Thursday, March 11, 2010

A Long Face and a Short Fuse

This most recent setback has evoked within me angst and anger. For me they seem to go hand-in-hand. If I'm anxious it's typically accompanied by anger. If I'm saddened, often anger is the surface emotion, masking the sadness. If I'm fearful, I show my raging heart, not my racing heart.

Some of it is unique to me; some of it you struggle with, as well. I think a lot of us men, in particular, wrestle with anger. At the risk of sounding like I'm avoiding personal responsibility, I think men in our culture are groomed to be angry and to show anger as our default emotion. Generally, we are taught or modeled that we are "weak" or "unmanly" if we feel or express sadness or fear or loneliness. We're supposed to "suck it up; be a man." If we didn't quit crying, you know what we'd be given--"something to cry about!" The emotions of feeling sad or afraid or lonely are regarded as "weak." And what emotion is viewed as "strong?"

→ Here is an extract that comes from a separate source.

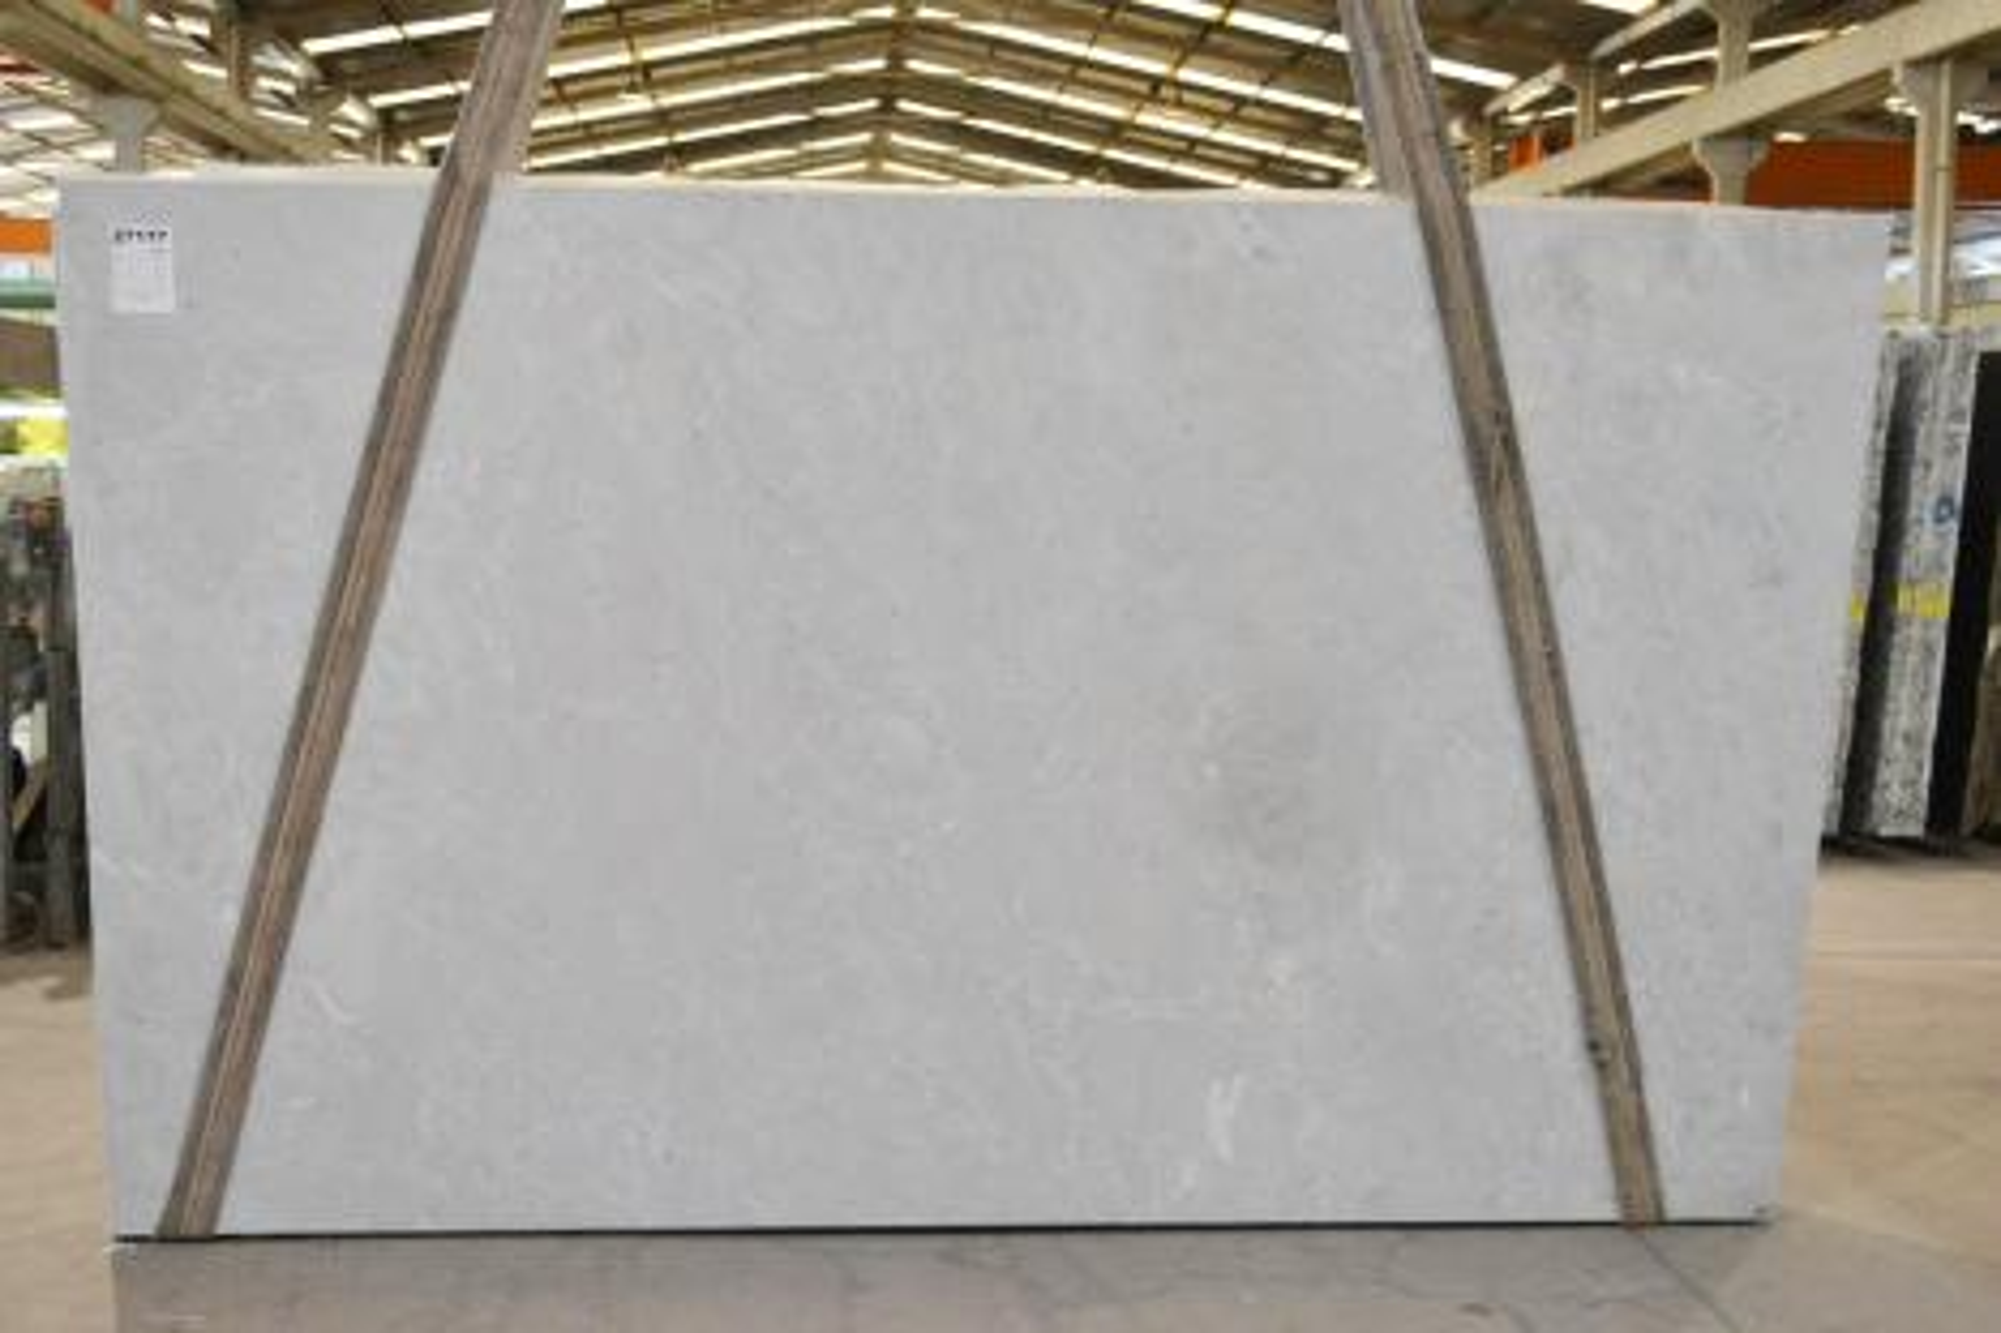 Brazilian Dolomite Supply Espirito Santo (Brazil) polished slabs 2465 , Bnd #27177 natural Dolomite

Showing sadness makes me vulnerable; it puts me on the defense. On the other hand, expressing anger is not threatening to me, but to others. It puts me on the offense. Anger is a man's trump card. Talk about a stacked deck.

Of late I find I'm sad for the world one minute and mad at the world the next. None of us can afford to stay in either camp for long. If I remain sad, I will implode and long for light as I languish in the dark night of depression. If I remain angry, I will explode and you will receive all future blog posts from the Peoria County Jail.

I'm in need of grace and seeking mercy. There's a passage in the Bible that cautions us: "See to it that no one misses the grace of God and that no bitter root grows up to cause trouble and defile many."
(Hebrews 12:15) It's as though God is saying that in the midst of all that, on the surface, looks like it's gory and godforsaken--grace is also there. The passage also seems to indicate that if a "root" of bitterness is allowed to grow within me, it may, indeed, blind me to or prevent me from receiving the grace God desires to impart.

God, I don't want to miss your grace.

I want to come out of this a better man, not a bitter man.